Schon am nächsten Tag wurden wir entlassen. Das Krankenhaus war überfüllt.
Wir hatten uns abgesprochen, nicht mehr von der Sache mit dem Gitarrespiel zu erzählen. Sonst hätten sie uns vielleicht da behalten. Uns fehlte doch nichts.
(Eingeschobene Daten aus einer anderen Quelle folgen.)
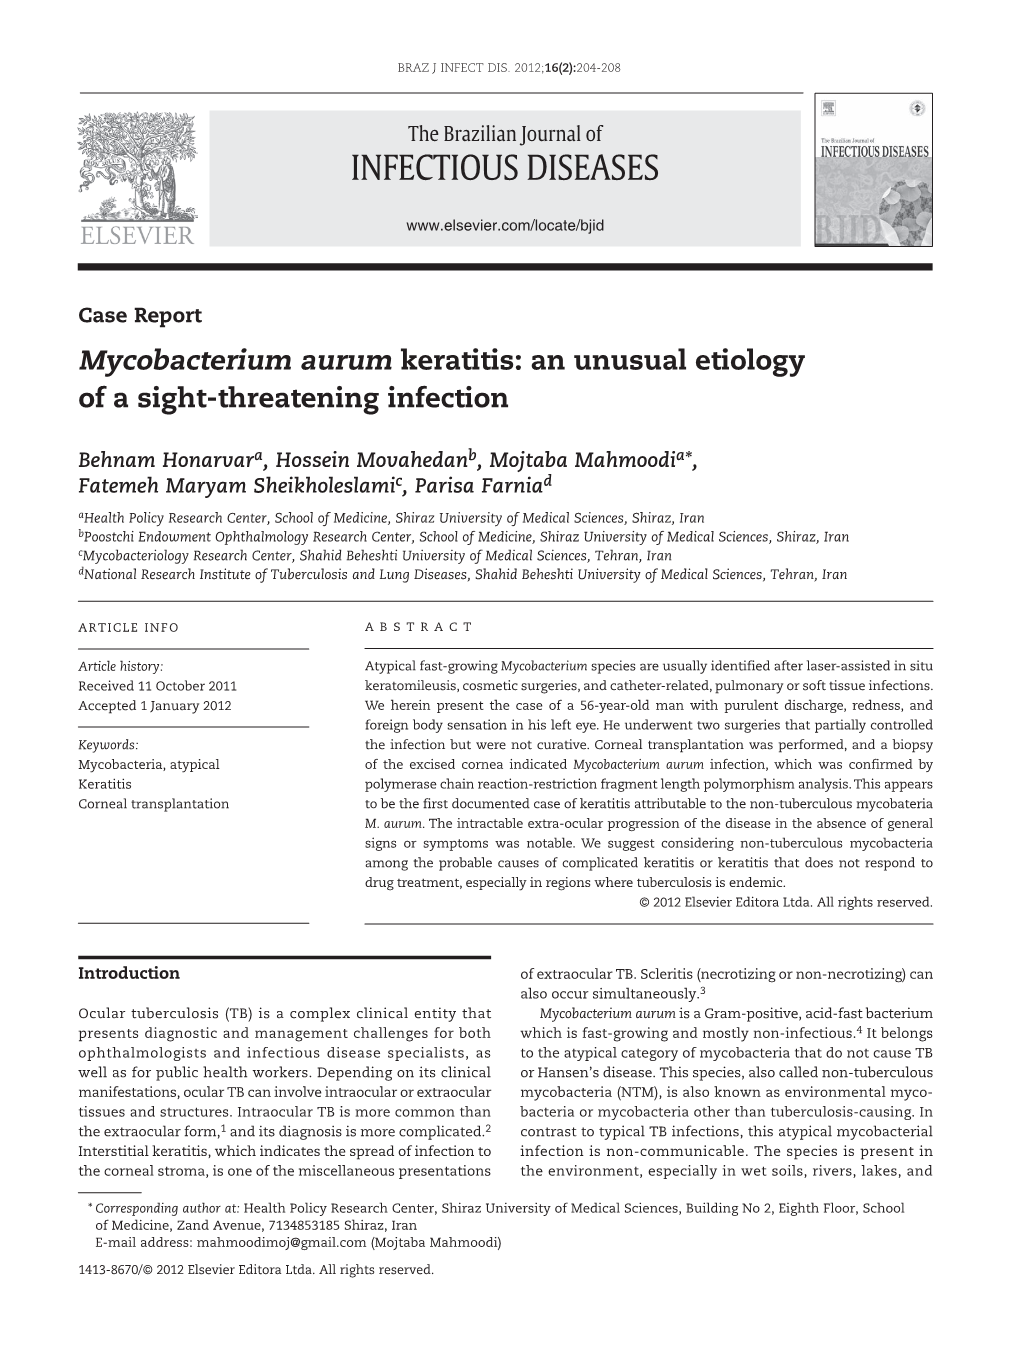 Mycobacterium Aurum Keratitis: an Unusual Etiology of a Sight-Threatening Infection

Jule versuchte es noch einmal bei der Zarge. Die hörte sie aufmerksam an. Dann sagte sie: „Ach, Jule, weißt du. Ich wünschte auch manchmal, dass sich Probleme so leicht lösen lassen.“
Wie zertrümmert hatte sich Jule danach bei mir ausgeheult. „Nicht einmal die glaubt mir!“
Muss ich zugeben, wie fertig ich selber war? „Wieso hätte sie auch?“ antwortete ich. „Das ist alles so absurd, das sollten wir besser mit ins Grab nehmen. Vorübergehend hab ich gestrichen die Schnauze voll, die Welt zu retten. Scheiß Kantha Inar!“ Ich hockte mich hin, legte Jule die Arme auf die Schultern, wartete schweigend, worauf auch immer. Sprach nach einer Weile weiter. „Ich hab alle Dateien aus dem Internet runter geladen. Gelesen. Die Stelle, die mich vor kurzem noch so gefesselt hat, weil sie mir so prophetisch vorgekommen ist,…. Weißt du, davor und dahinter klingt alles ganz anders. Echt versponnen. Total ernüchternd. Ich hab wohl genau jene Sätze herausgefischt, die zu diesen Ätzern passten."